··· Input records ···

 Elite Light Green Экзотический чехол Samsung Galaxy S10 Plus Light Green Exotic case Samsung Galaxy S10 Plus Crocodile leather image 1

···
··· Input records ···

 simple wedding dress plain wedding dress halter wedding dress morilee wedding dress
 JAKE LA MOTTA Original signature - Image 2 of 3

···

Your objective
Repeat exactly the lines above from the one with "simple wedding dress" up to and including the one with "JAKE LA MOTTA". No other line belongs in the reply.

Result of this task
 simple wedding dress plain wedding dress halter wedding dress morilee wedding dress
 JAKE LA MOTTA Original signature - Image 2 of 3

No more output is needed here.